F. King Alexander, the president of the Louisiana State University system, said Louisiana State (LSU) would consider declaring financial exigency—the equivalent of bankruptcy for academic institutions. And Alexander said as many as a dozen campuses throughout Louisiana could ultimately have to do the same.The cutbacks would mean an uncertain fate for all of the roughly three-dozen institutions within the state’s four university “systems,” including Louisiana state’s 10 campuses, the University of Louisiana’s nine, and 14 community and technical colleges. These institutions serve roughly 260,000 students total.

Declines in per-student legislative appropriations for public higher-ed institutions are almost ubiquitous across the U.S., a trend that traces back to the recession. Though levels have started to bounce back in recent years, the average state’s per-student allocation is still 23 percent less than it was before the economy took a hit. Generally, the federal government and taxpaying students end up shouldering that cost. Meanwhile, according to 2012 data, students are for the first time in years covering a larger chunk of their college tuition than their state governments are.

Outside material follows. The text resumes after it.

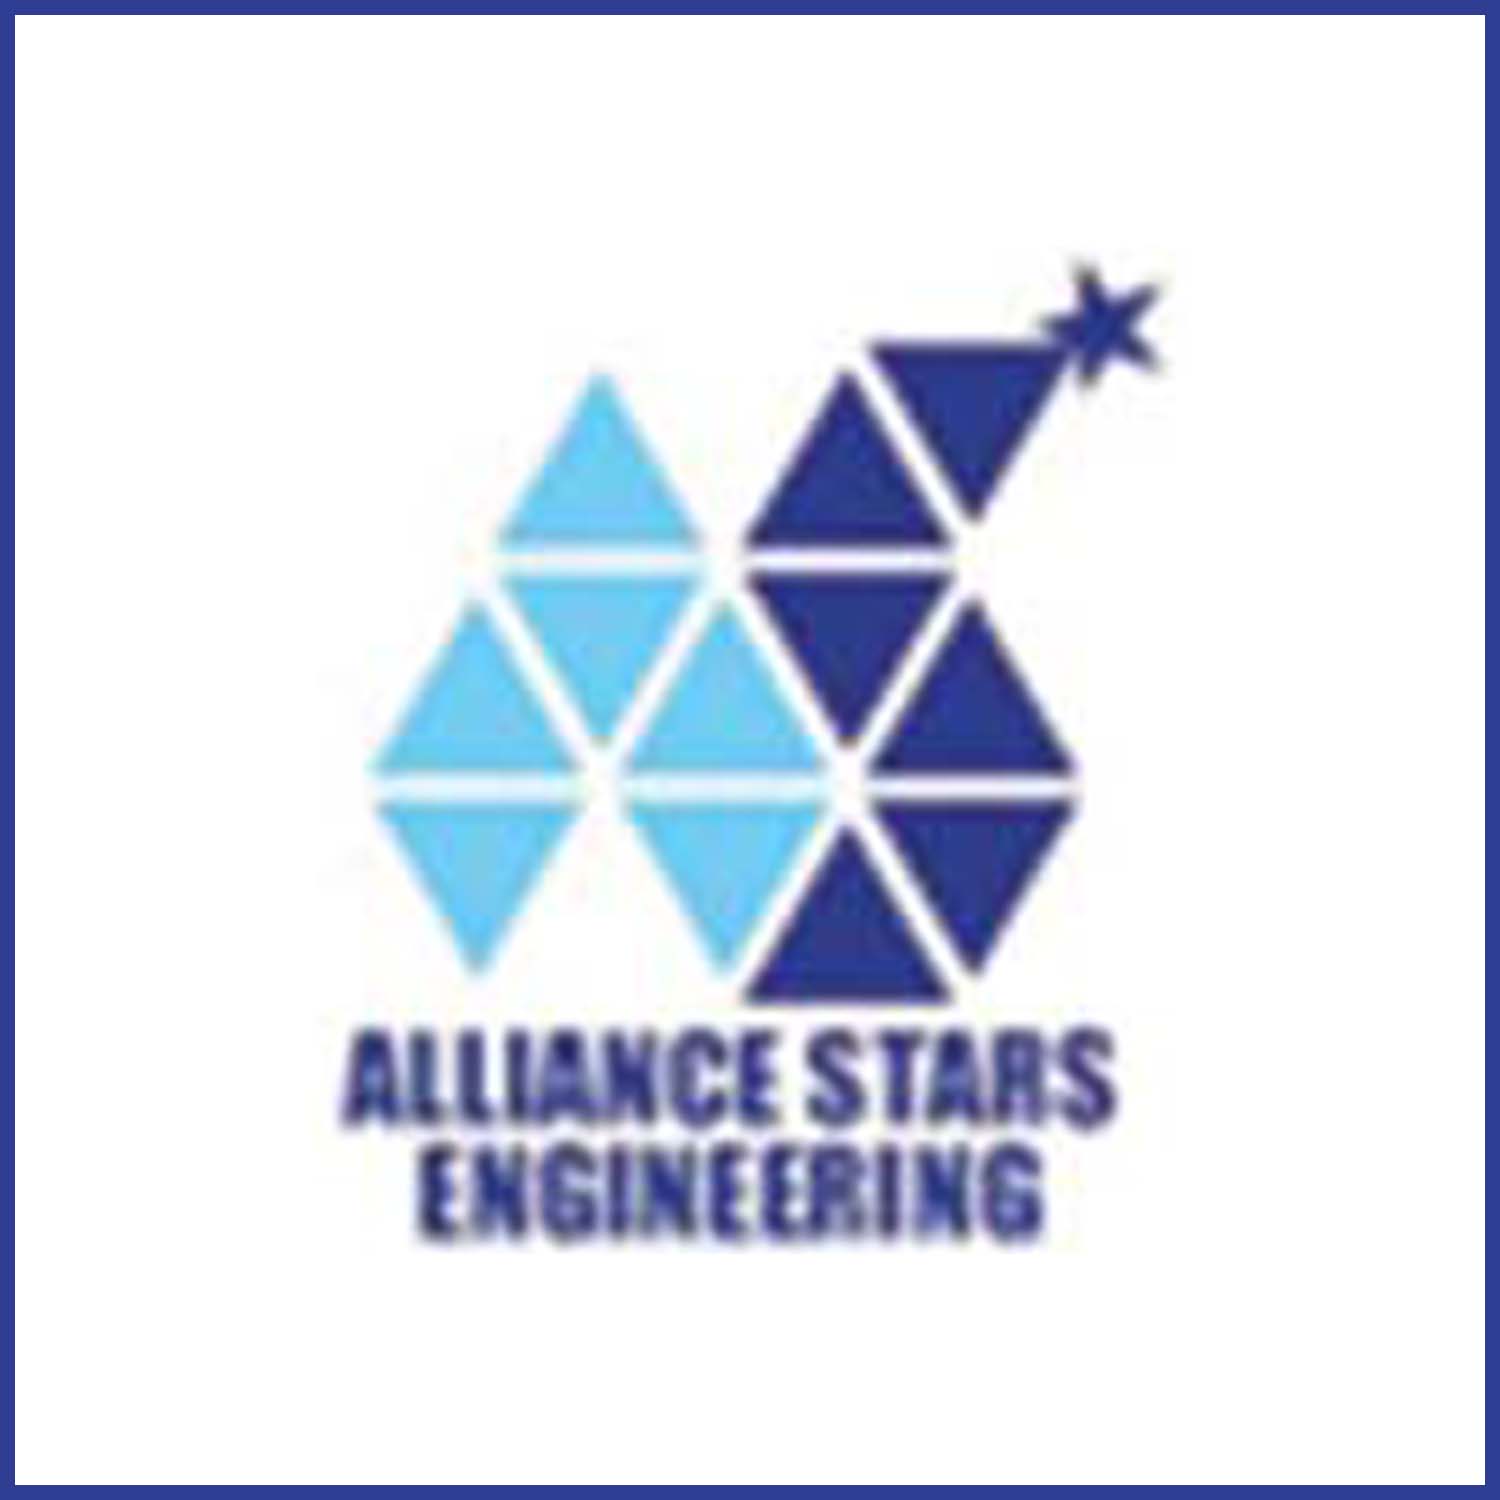 Alliance Stars Engineering Co., Ltd.

“States are getting out of the public higher-education business,” Alexander told me. Alexander, a vocal advocate for stronger state investment in higher ed, says he’s optimistic that the legislature will somehow cobble together a solution. (It has until June 11, when Louisiana’s legislative session ends.) But even if lawmakers pass measures that would offset most of the shortfall, including a number proposed by Jindal, state higher-ed funding would still be cut by 32 percent, Alexander said.

By 2025 six in 10 adults in the U.S., according to one report, will have to have a postsecondary credential if the country is to maintain its economic edge. But if current trends continue over the next few decades, most state university systems would soon lose all funding from their states. A new analysis by the Pell Institute predicts that, assuming trends persist, in 2025 Colorado would become the first state to allocate zero funding to higher ed; Iowa would follow in 2029, then Michigan (2030), then Arizona (2032). Louisiana (2027) would be No. 2 on the list—if the deficit is miraculously eliminated this year. Otherwise, according to King, even a 32 percent reduction would put Louisiana in front of Colorado. Most states wouldn’t appropriate any university funding by 2050.

Louisiana’s universities are the canaries in a bigger coal mine.  It should serve as a warning to any one who cares about access to higher education for all.

So, I’m going back to grading and I leave this as an open thread for you.

What’s on your reading and blogging list today?